YOUR ASSIGNMENT ->
Without including any picture, transcribe the entries below word for word.

GIVEN RECORDS ->
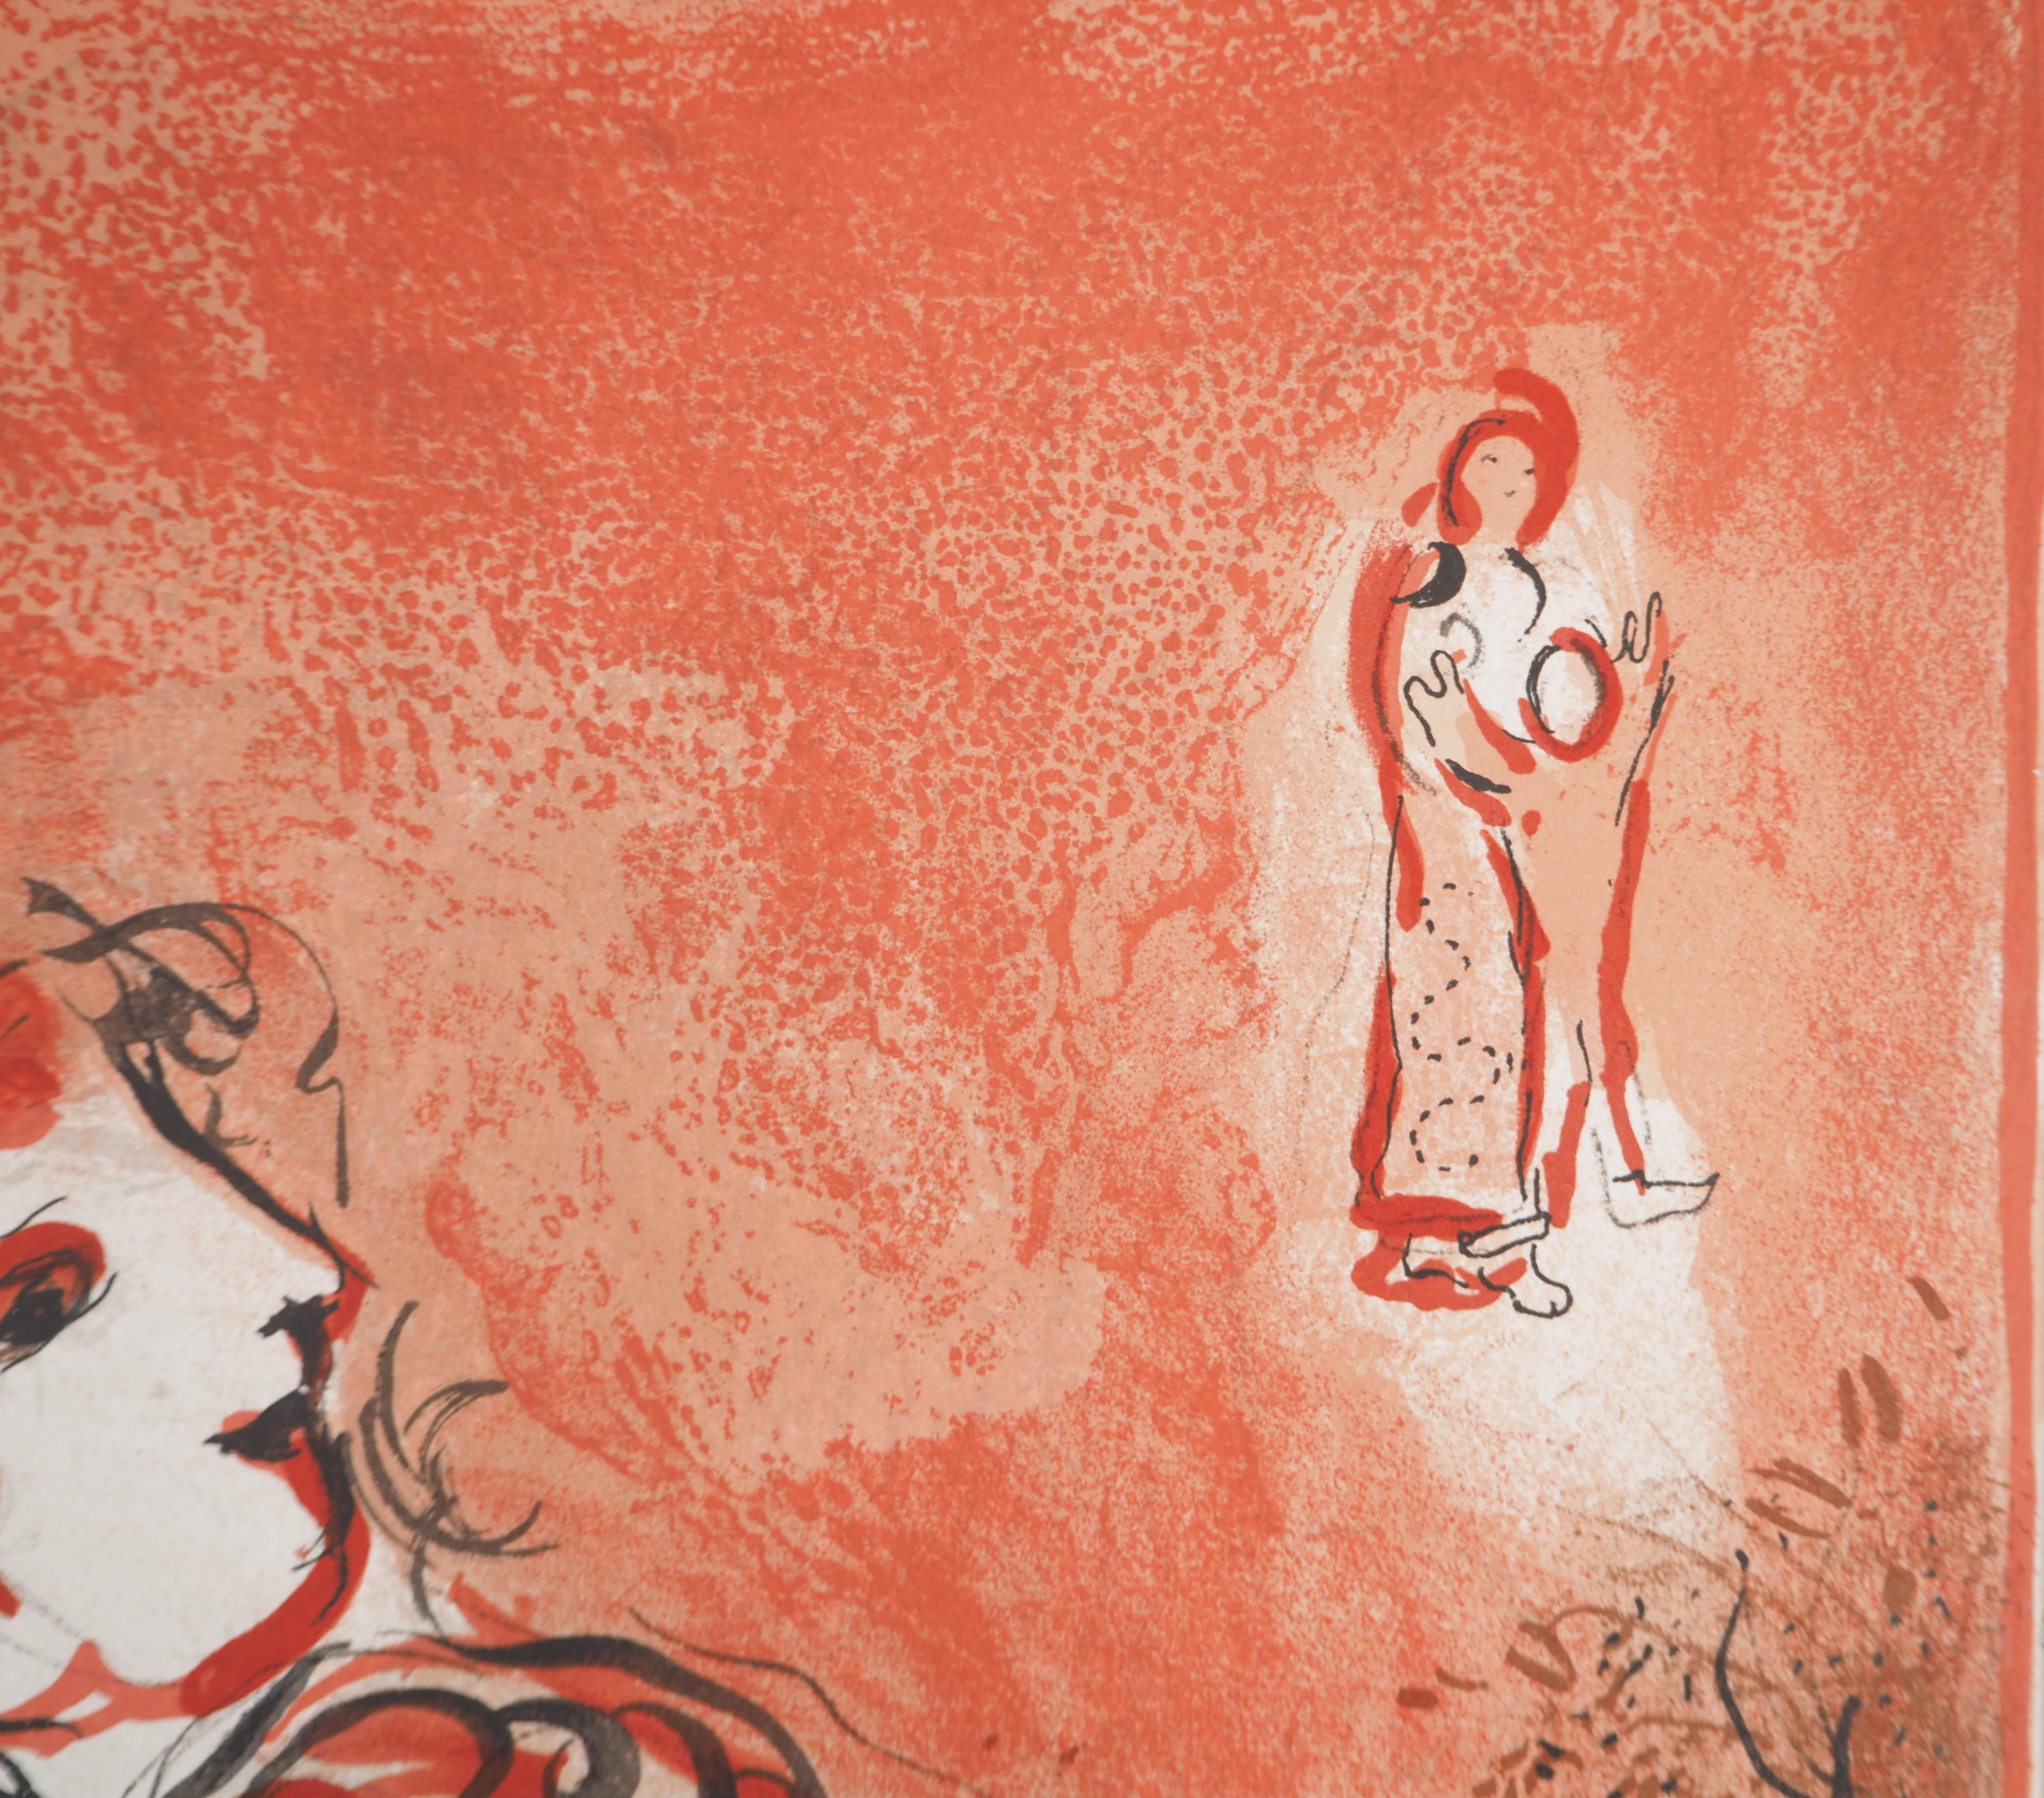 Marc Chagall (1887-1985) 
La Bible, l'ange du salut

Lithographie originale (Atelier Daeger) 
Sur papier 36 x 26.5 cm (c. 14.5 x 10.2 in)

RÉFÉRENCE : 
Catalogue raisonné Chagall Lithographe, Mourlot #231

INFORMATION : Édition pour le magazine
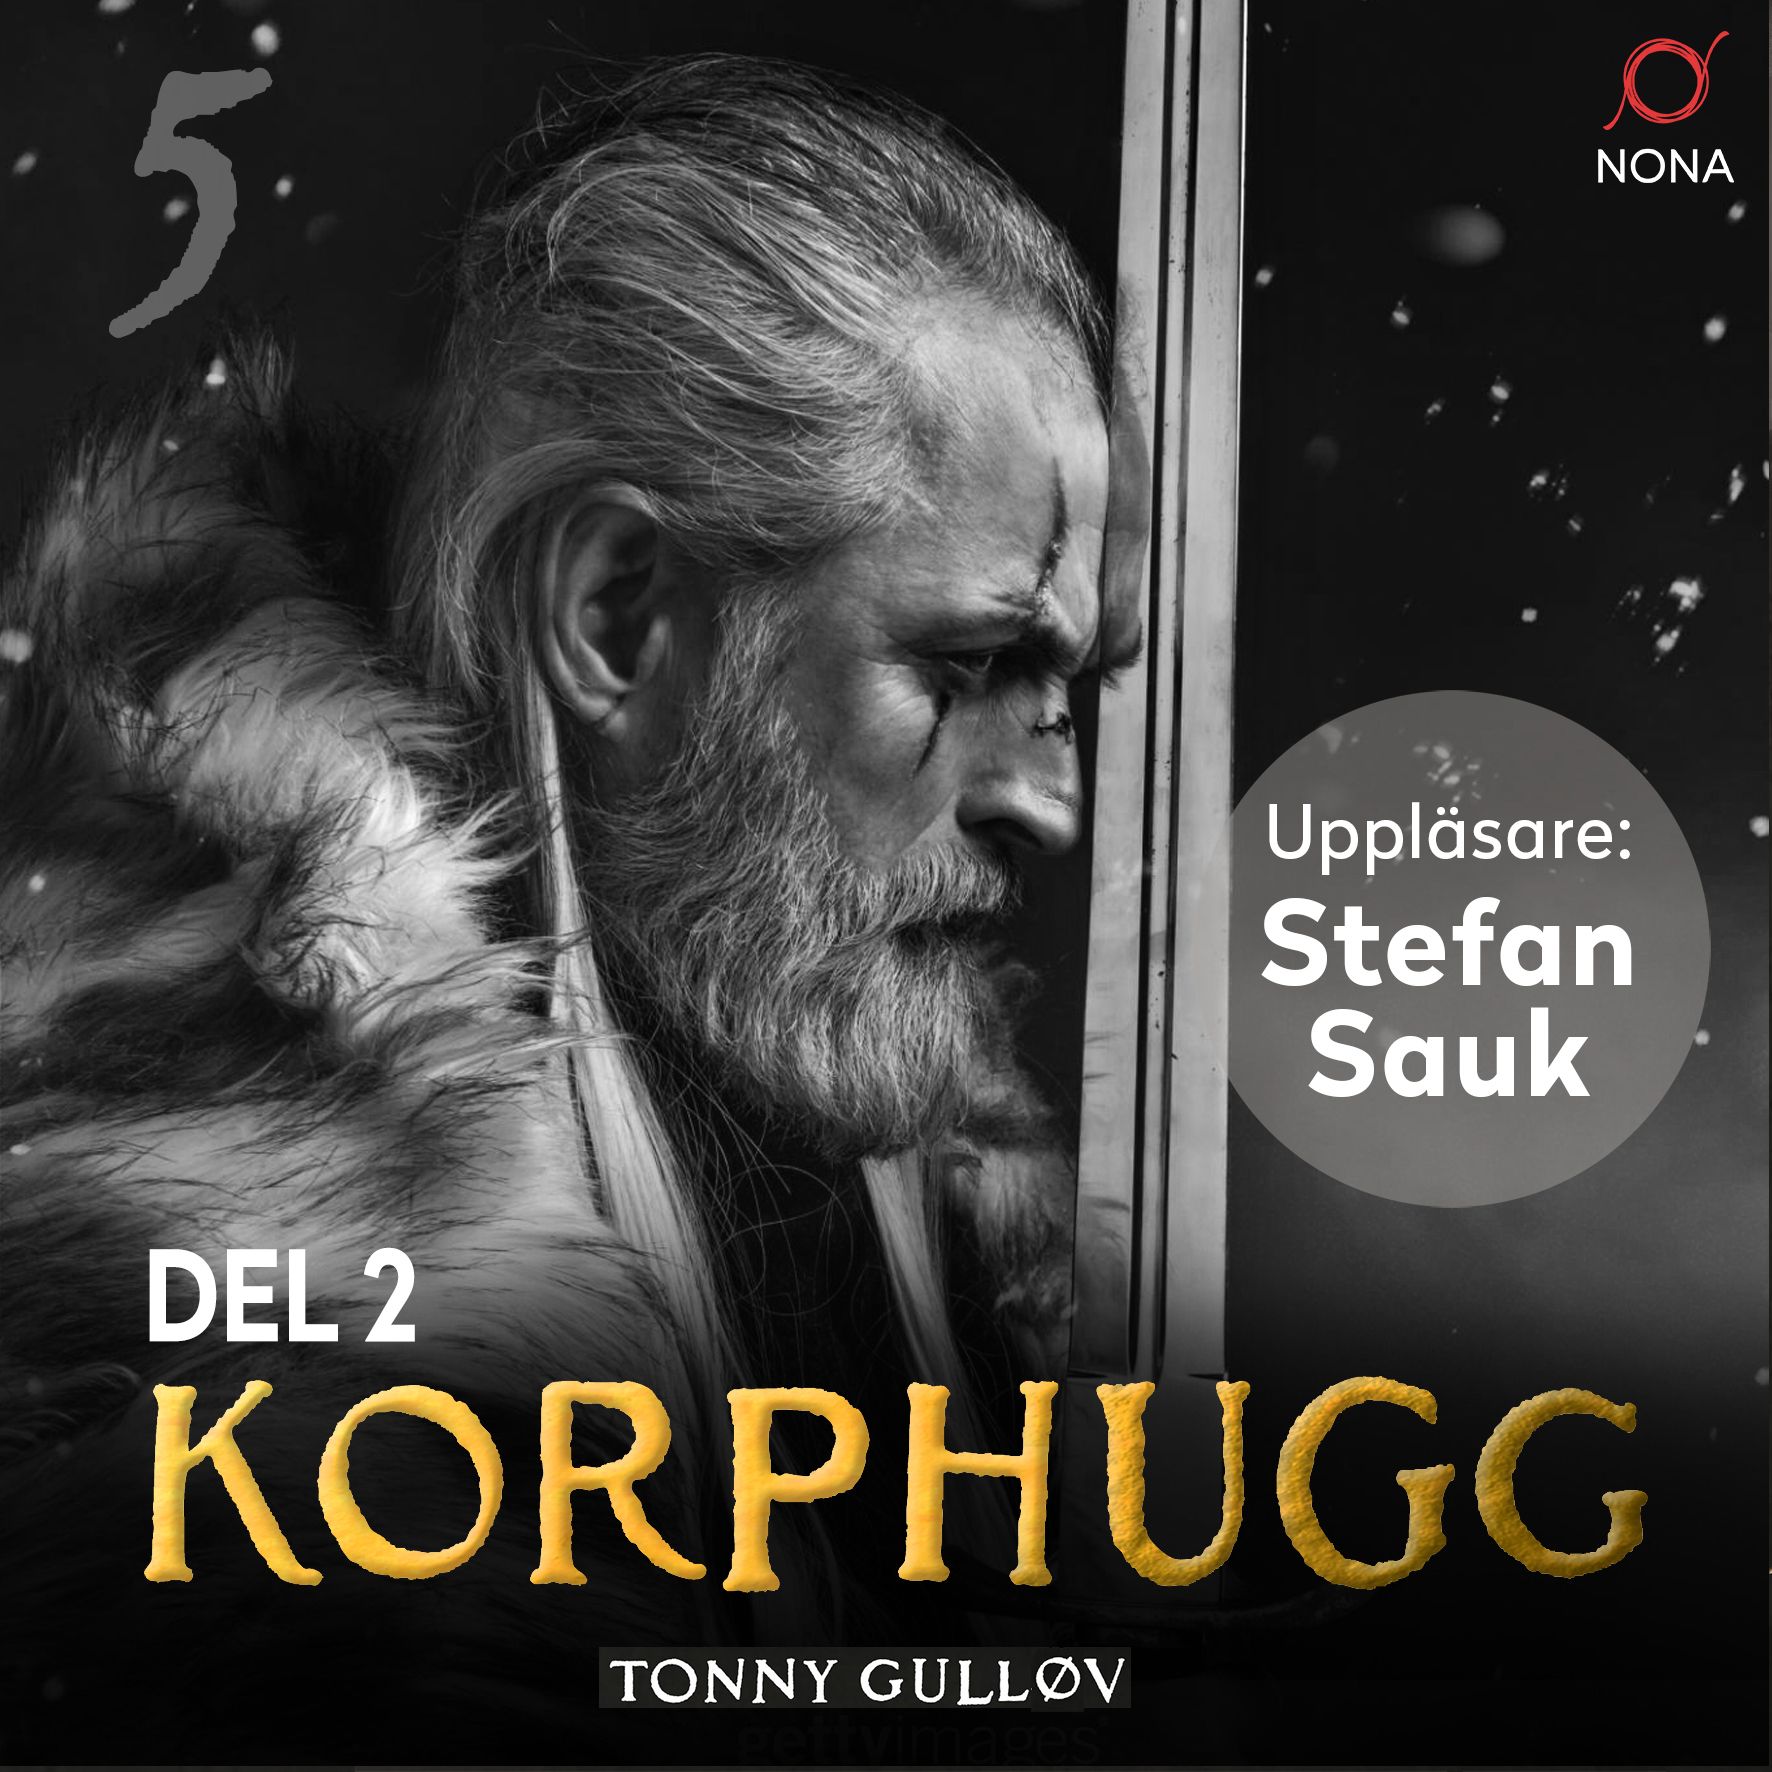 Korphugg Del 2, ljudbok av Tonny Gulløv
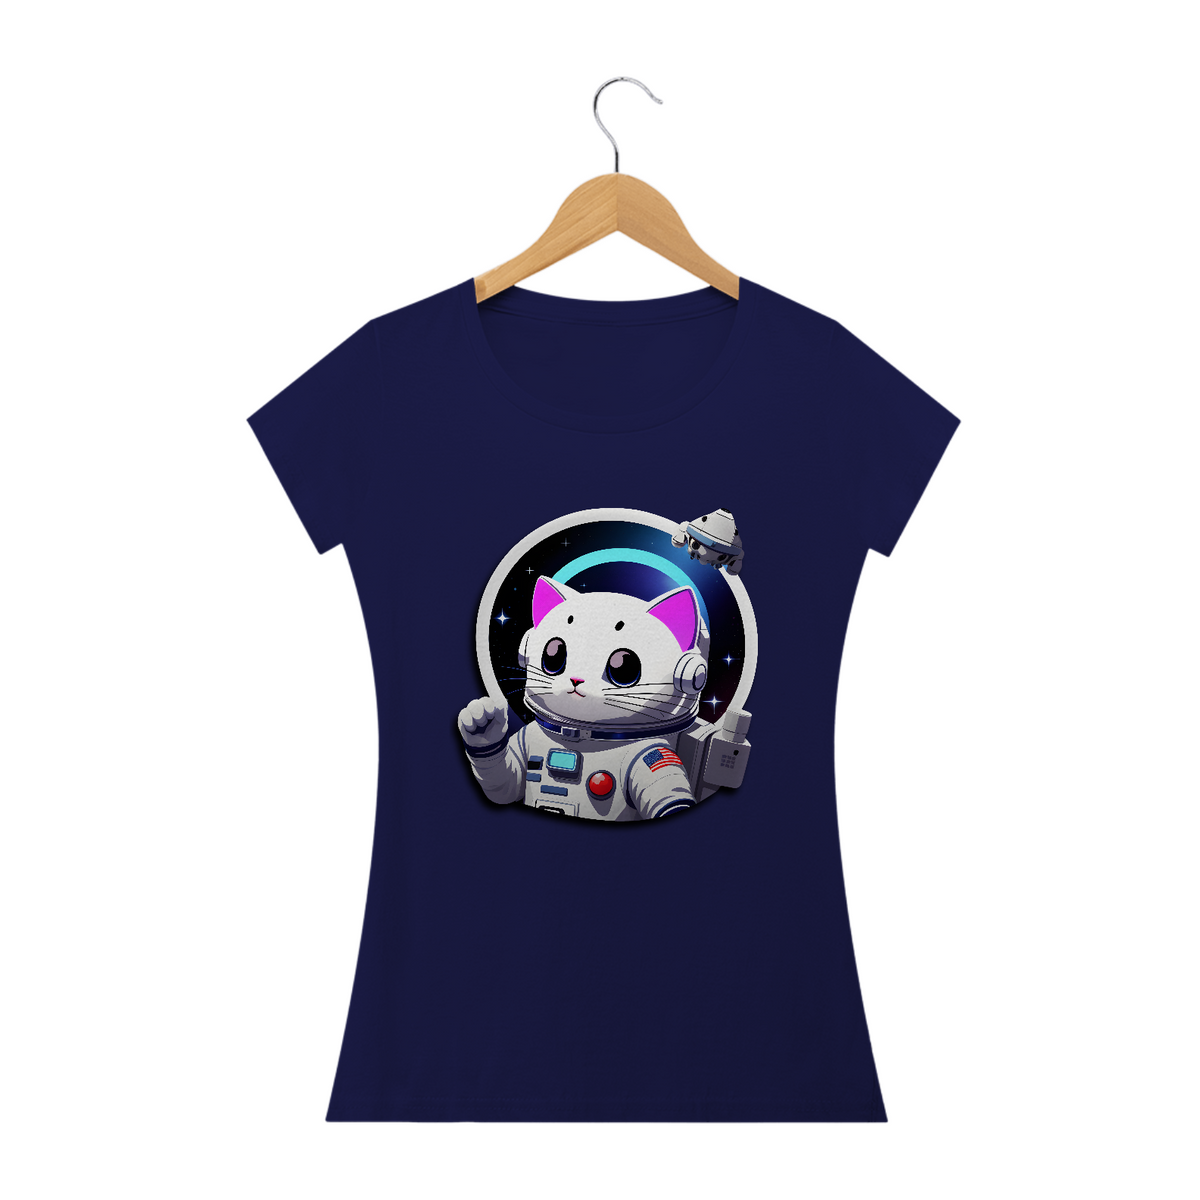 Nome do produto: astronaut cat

REPLY TO THE EXERCISE ->
 Marc Chagall (1887-1985) 
La Bible, l'ange du salut

Lithographie originale (Atelier Daeger) 
Sur papier 36 x 26.5 cm (c. 14.5 x 10.2 in)

RÉFÉRENCE : 
Catalogue raisonné Chagall Lithographe, Mourlot #231

INFORMATION : Édition pour le magazine
 Korphugg Del 2, ljudbok av Tonny Gulløv
 Nome do produto: astronaut cat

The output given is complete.